Health, Life, Self-Growth, Self-love, Uncategorized

My Relationship with Food

The Ups and Downs and Tips Along the Way


Follow my writing journey on Instagram @putintowords_withlee or my blog at put-into-words.com

Right now, I don’t want to write this. I want to turn the lights off in my room with a whole box of sour gummies and chips from our pantry and devour them like an animal. Eating in secret to hide the quantity. This urge is nothing new to me and comes from my history with food.

Instead, this time I am being honest with myself writing with a handful of gummies, accompanied by a big bottle of water. My relationship with food is what has brought me from a state of mistrust in myself and what I can bring home from the store to understanding what has landed me here.

At this point in my life, if I love a certain food that I have history with, it’s best that I not have it in the house. I usually choose to enjoy my sweets, salts, chocolates and chips with my friends and family outside instead.

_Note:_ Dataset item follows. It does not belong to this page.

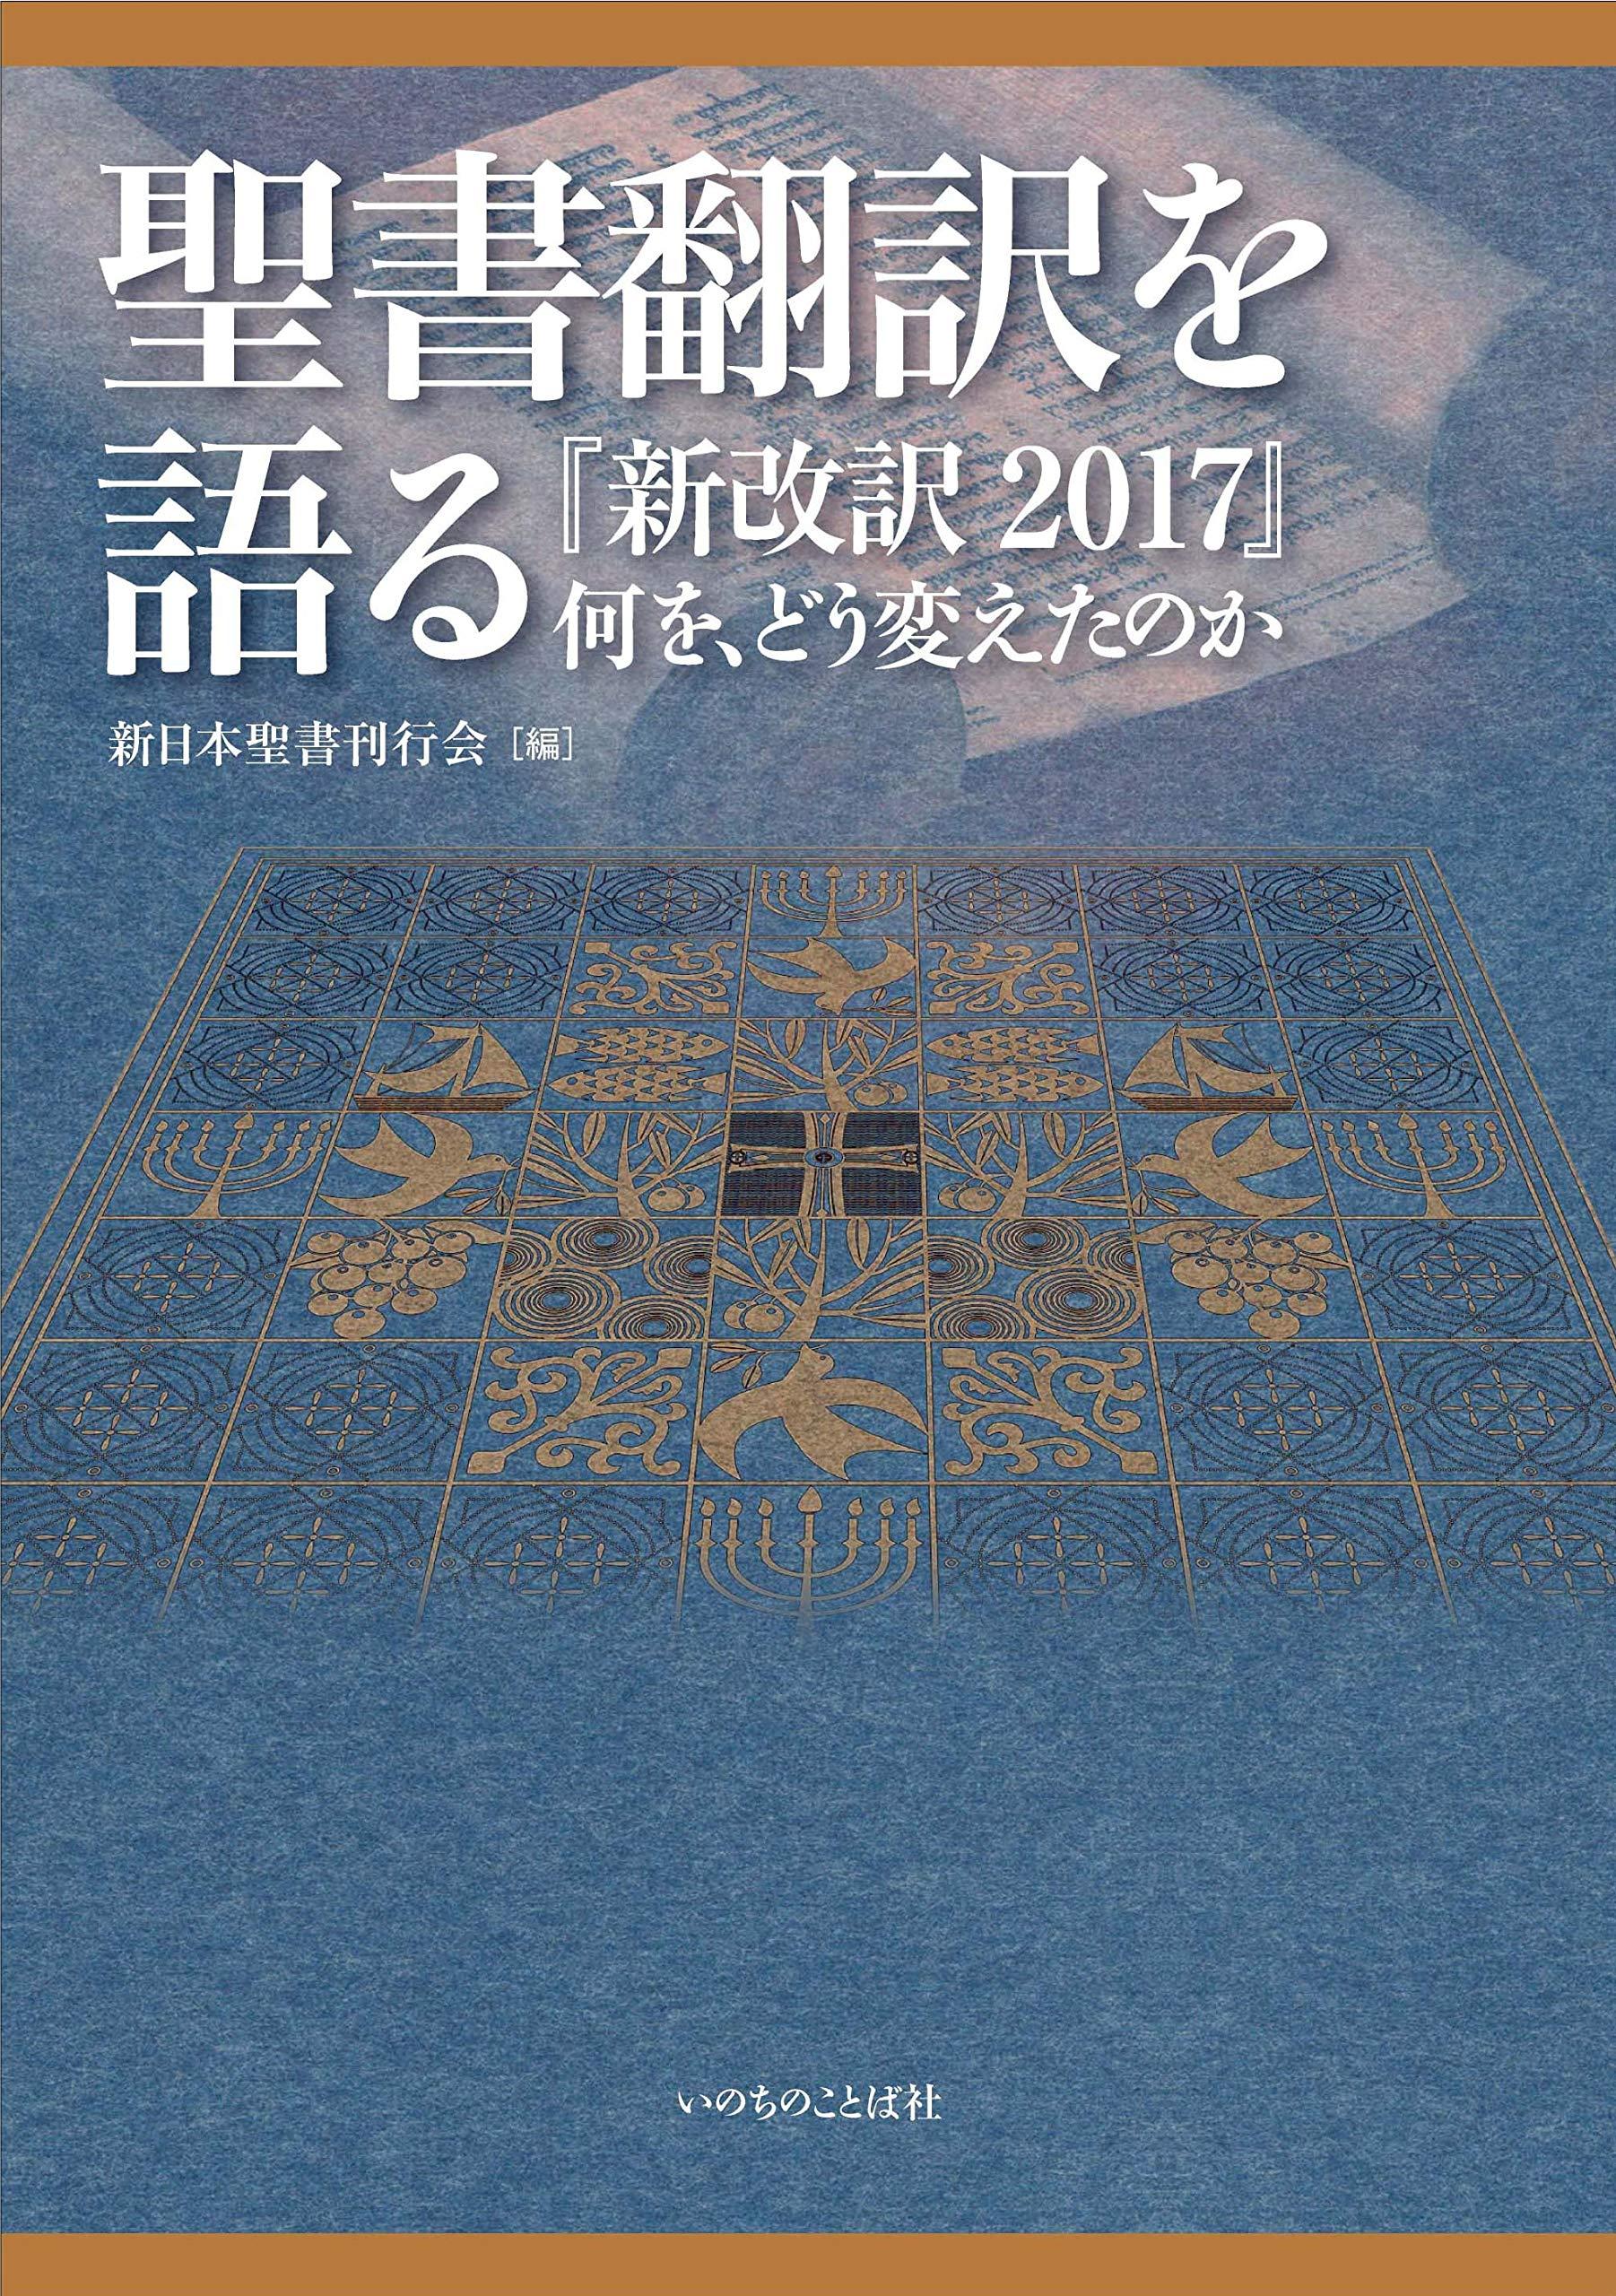 聖書翻訳を語る 『新改訳2017』...

This is because one minute I may say to myself, no food is good or bad if control it in moderation. The next minute I am quoting the latest TGIF commercial and screaming “TGI….F IT!” Another thought that pops through my head often is, I need to get it out of the house, once it’s gone, I can start fresh.

These thoughts are all an internal battle with my history of food driving the wheel.

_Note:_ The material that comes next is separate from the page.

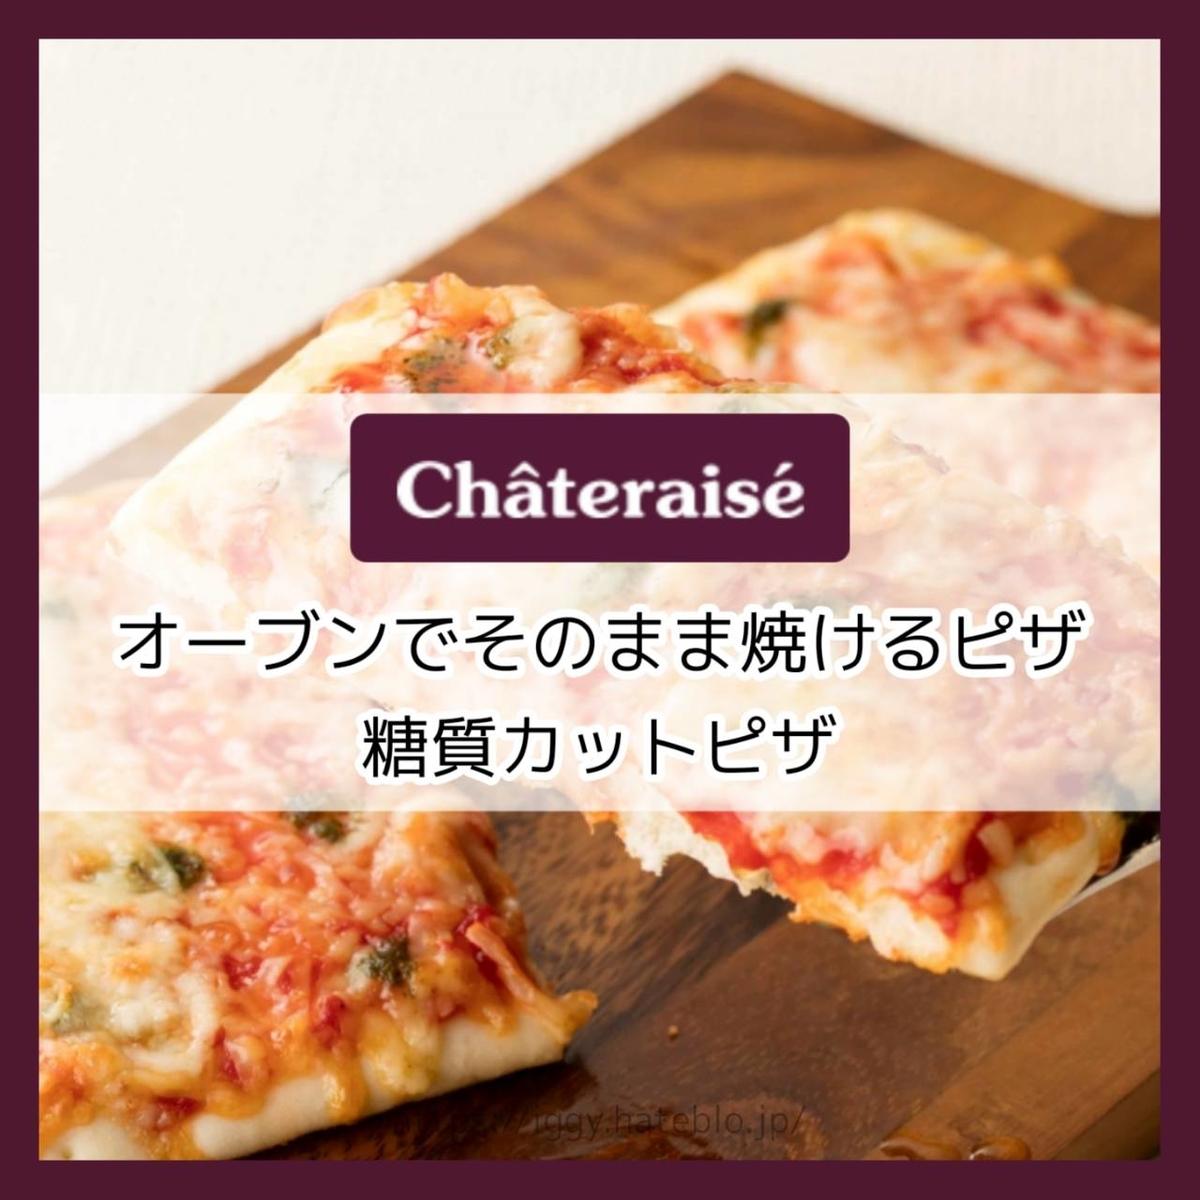 『シャトレーゼ』おすすめ冷凍ピザ「糖質カットピザ」と「オーブンでそのまま焼けるピザ」

This story is not about weight gain or weight loss, or exercise. The gym is not my problem!

No, this piece is about food, simply food and our complicated history together.

Trigger foods pop up everywhere, even when you are doing “good” and on track. Photo courtesy of Pexels.

From a young age, my parents kept me active, we ate healthy as far as I could remember. Dinners together at the table, some snacks during movies and long long long walks and bike rides.

It wasn’t until later in elementary school that I actually started thinking about what I was eating. I specifically remember being in the car on the way to a Saturday hike scarfing down a bag potato chips (still my favorite).

“Eat those while you’re still lucky, some day it will catch up to you!” I don’t remember who said it in the van that day, but that quote was burned into my mind. At the time I thought I was invincible, I ate every last crumb, didn’t give it a second thought. My super active kid metabolism would take care of the rest.

Comfort food and trigger food tend to go hand-in-hand. Photo courtesy of Pexels.

But the comment lingered like memories of a nightmare, and I started to notice my body in comparison to the girls in my grade. I wasn’t overweight (though I thought I was), just structurally larger and more mature than those around me. The lovely stage of puberty didn’t help.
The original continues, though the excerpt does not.